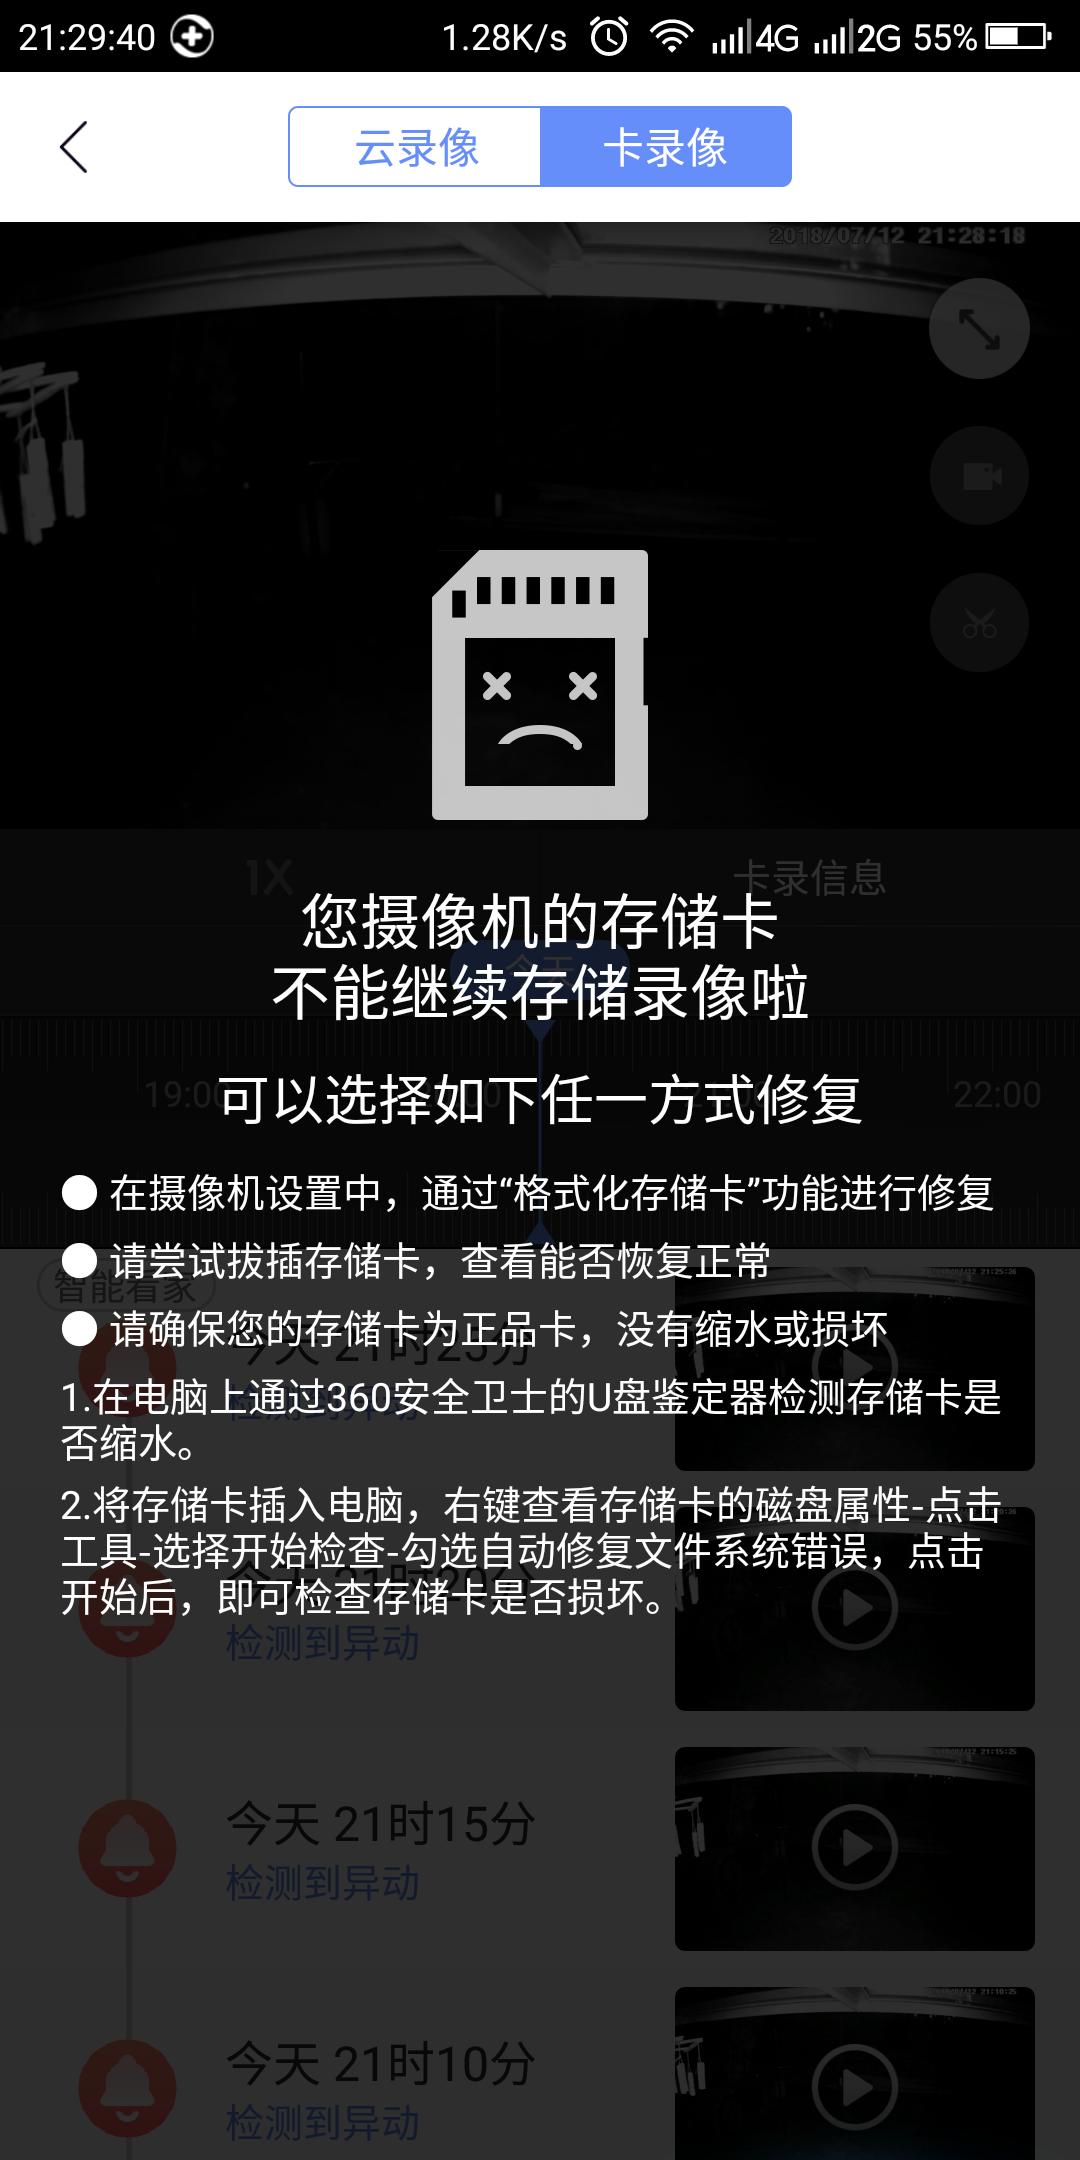 Screenshot_2018-07-12-21-29-43.png
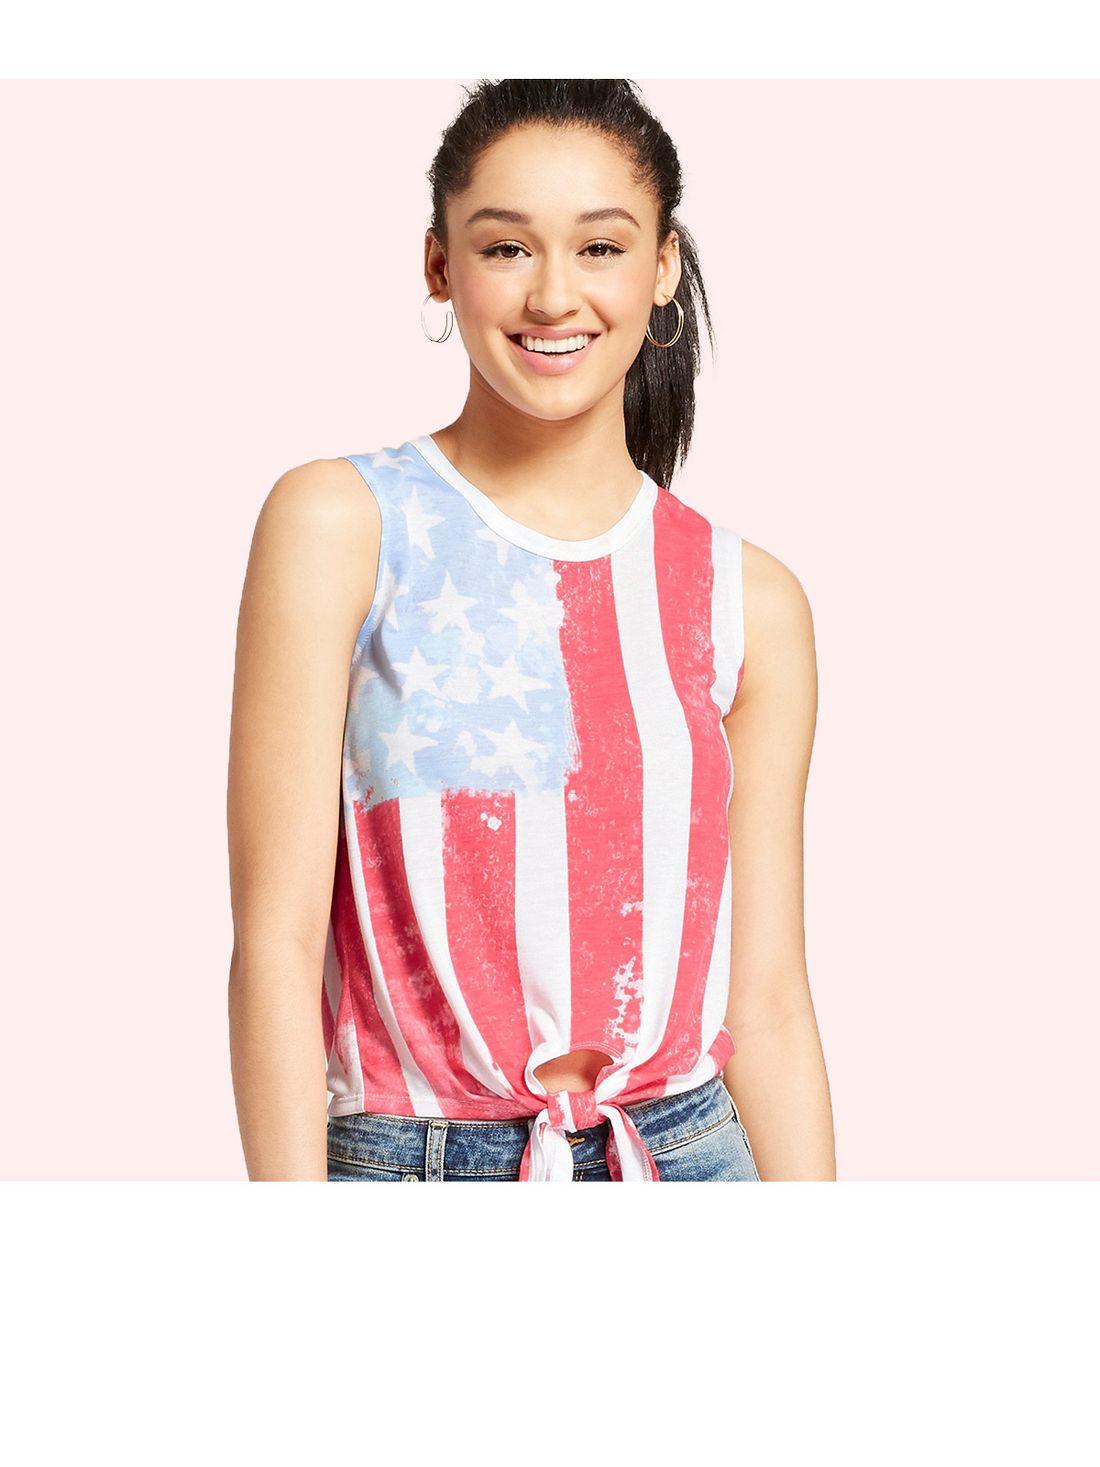 Americana tees
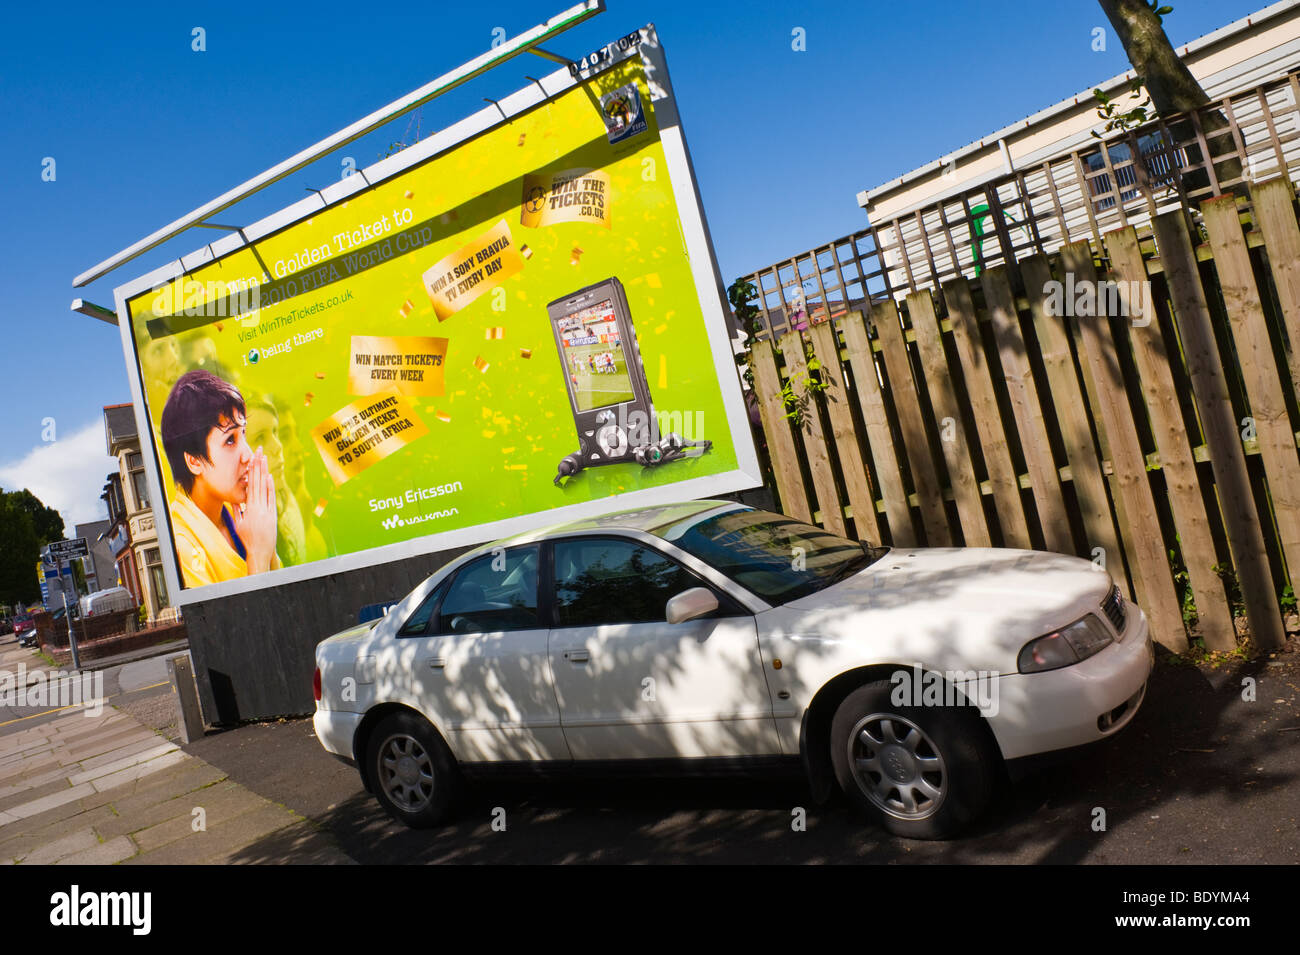 JCDecaux billboard for Sony Ericsson Walkman in UK - Stock Image
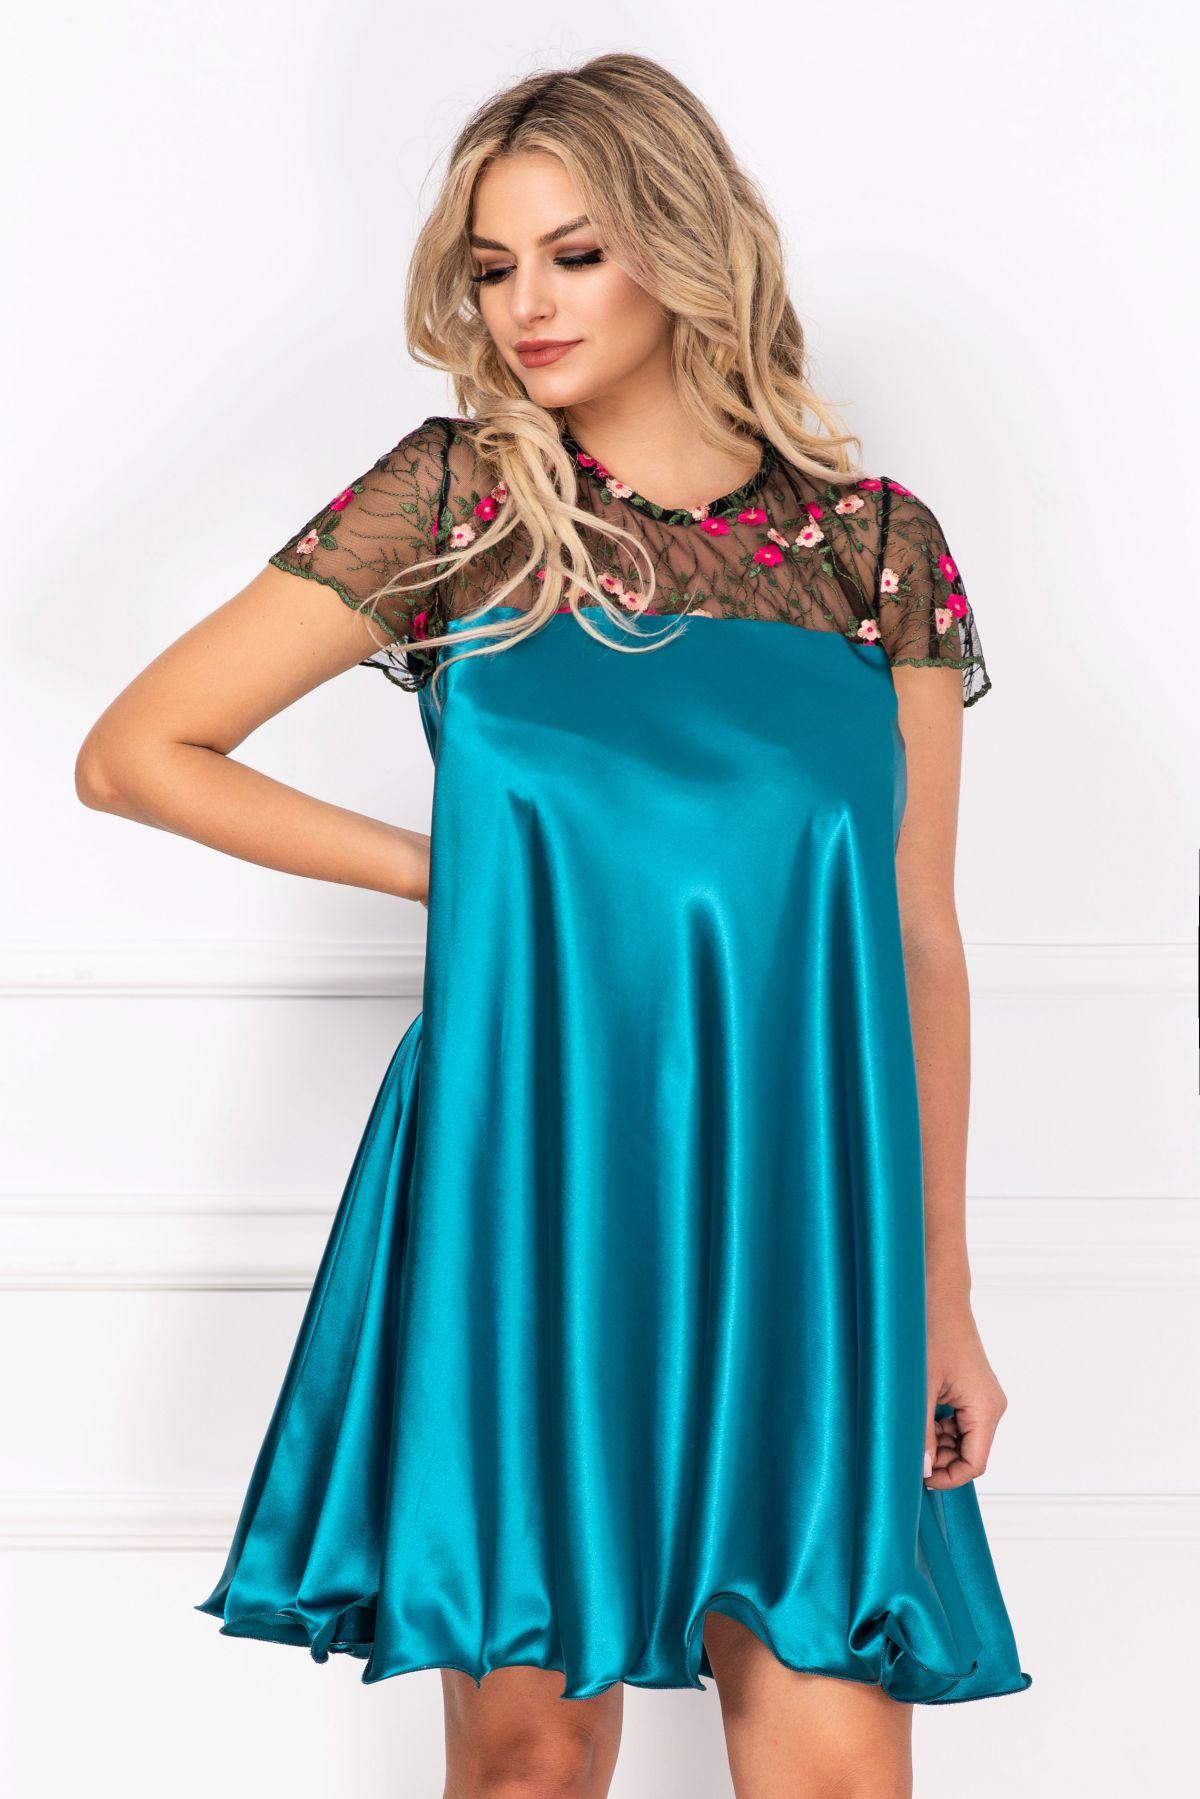 Rochie de cununie Erin turquoise din satin cu broderie By InPuff
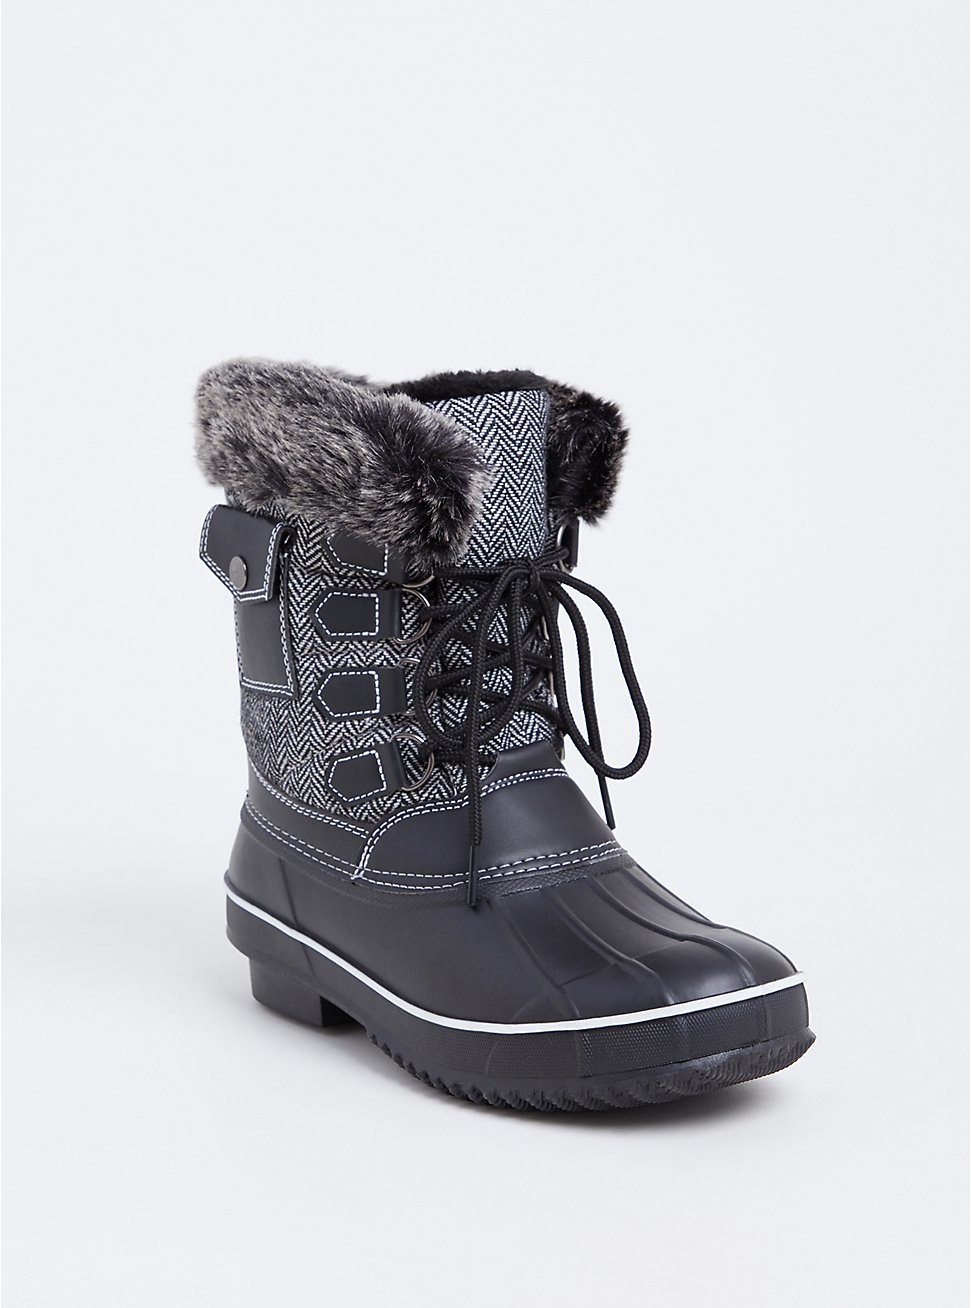 Black Herringbone Faux Leather & Faux Fur Cold-Weather Bootie (WW), BLACK, hi-res

========

Try it> Please make an exact copy of the records, leaving out any picture.

Solution to this task>
 Screenshot_2018-07-12-21-29-43.png
 Americana tees
 JCDecaux billboard for Sony Ericsson Walkman in UK - Stock Image
 Rochie de cununie Erin turquoise din satin cu broderie By InPuff
 Black Herringbone Faux Leather & Faux Fur Cold-Weather Bootie (WW), BLACK, hi-res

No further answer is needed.